A police officer who lost his left leg in a motorcycle accident in 2020 in back on the beat after getting a computerised prosthetic leg from the police service.
PC Shane Smith, 26, of Lady Hailes Avenue, San Fernando said the accident has opened many doors for him and hopes to be on a motorbike one day soon.
On March 26, 2020, shortly before 6 pm, Smith got into an accident while on duty. He had joined the service a few months earlier.
"I love my new life. No matter how life looks, this is a positive for me. A lot of the time, we pay attention to the situation and problem we are experiencing. But if we look beyond that and have that faith, we can overcome anything,” Smith told Sunday Newsday.
Despite losing a limb, the father of two manages to stay positive and inspires people.
Two months after the accident, in May 2020, security consultant Paul Daniel Nahous donated a new wheelchair at a ceremony held at the Police Administration Building in Port of Spain. Then CoP Gary Griffith had presented a letter of commendation and a plaque to a civilian, Kevon Neptune, for saving Smith’s life.
The police service later gave Smith the computerised prosthetic leg, which connects to his cellphone. It has features like memorising how he walks and evaluating different surfaces and speeds.
He works in the Southern Division, and is attached to the community policing unit. Children refer to him as Cyborg, a superhero cartoon character that is part human and machine.
Cyborg is one of the main characters in Marvel's Teen Titans Go.
“They would always ask for photos. They would not know about the prosthetic leg if I wore long pants. But they would always be amazed whenever I raised my pants and showed them it. When I am talking to them, they would be watching my foot and not my face,” Smith said.
“If I do not have to wear long pants, I won’t. I am with the community police in Mon Repos and use my experience to inspire the youths and people experiencing domestic violence and other struggles.”
Smith and another policeman, then assigned to the Traffic and Highway Patrol Unit, had just left Port of Spain and were heading along the Churchill Roosevelt Highway on their motorcycles to Aranguez base when tragedy stuck.
Smith skidded on some gravel and lost control near the Samaroo roundabout in El Socorro. The bike crashed into a lamppost and Smith was thrown in the air and landed on a damaged railing, which severed his left leg, from the knee.
Neptune who was driving a bus along the highway stopped to help. Neptune put Smith in the bus, and took him to the Eric Williams Medical Sciences Complex in Mt Hope.
Smith repeatedly thanked Neptune for saving his life. He recalled Neptune telling him to hold the leg, and, with his colleague, they headed to the hospital.

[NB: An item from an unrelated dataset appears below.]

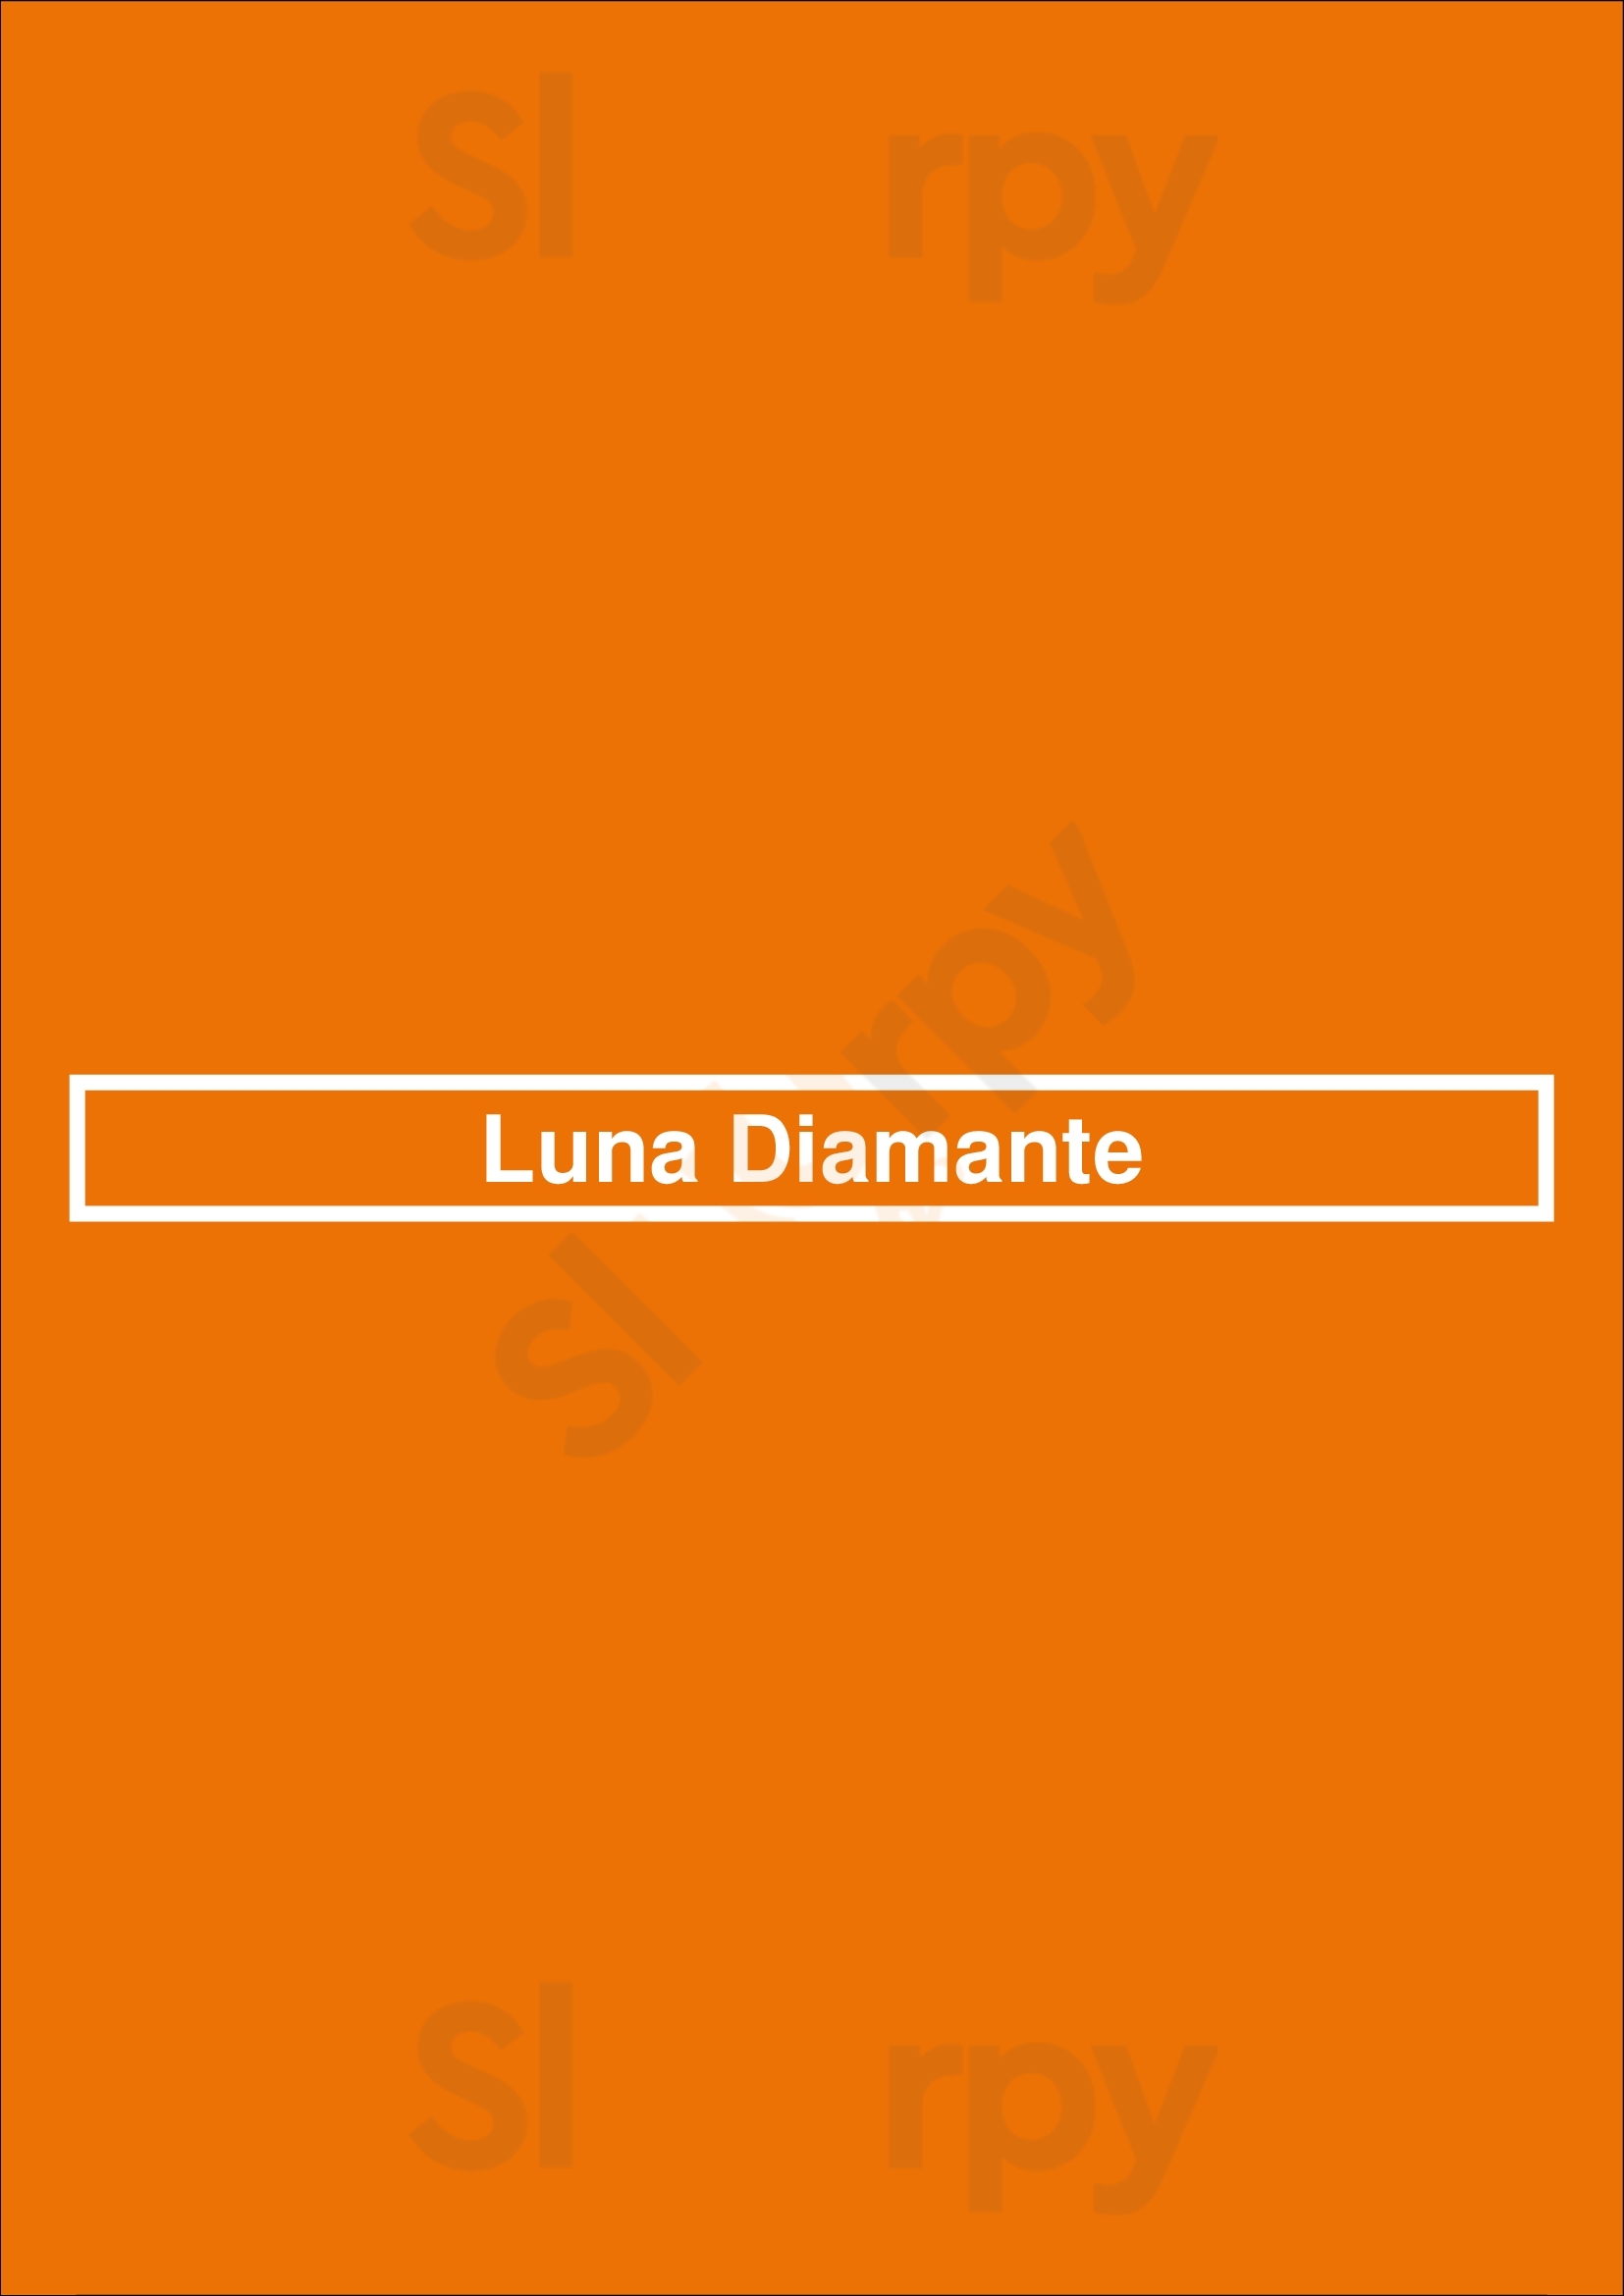 Luna Diamante Sesmarias Menu - 1

Smith said he remembered a woman seeing him holding his leg across his shoulder and began screaming hysterically at the hospital.
“The doctors asked if I wanted them to try to reattach it, and I did not want to take that chance. My knee was shattered. I told them to cut what they must,” Smith said.
Hours after the crash, his wife delivered their son in the same hospital.
“She came into the hospital in labour and prayed with me. My son’s middle name is Mercy because I survived. So while I was undergoing surgery on one end, she was having the baby on the other side,” Smith said.
“I rode a bike after the accident, but not for the service. I am planning to buy a bike. It was easy to adjust mentally because I had accepted that I lost a limb. It had difficult days with the changes, but I made the best of them.”
The avid churchgoer said he backslid, but some months ago, he got back on track.
His renewed faith has also resulted in him opening an online clothing store, aptly named (@bionicclothing_tt on Instagram. The logo is a picture of two legs, a prosthetic and a real one, accompanied by the Bible verse, “Walk by faith and not by sight,” taken from 2 Corinthians 5:7.
Smith grew up in Penal and was a national cricketer. He played with the Under-13, 15, 17 and 19 teams as a fast bowler.
He said one of the hardest part of having to wear a prosthetic is that he is unable to play the sport he loves. The accident took place during the pandemic, when there were restrictions on sporting activities.
“No one was playing cricket then. Even now, I try not to watch cricket because that is my only grievance: not being able to play. I played with people like Nicholas Pooran and Anderson Phillip,” he said.
Smith said he had a tough childhood and was the eldest of six siblings to his single mother, Portia Farrell, whom he credits for all her selfless efforts caring for the family.
“My mother is a superhero. Sometimes we did not have food, and she made sure we ate even if it meant she had to remain hungry. She is doing good now. She is employed, and she always has faith that I would overcome things and be in a good place.”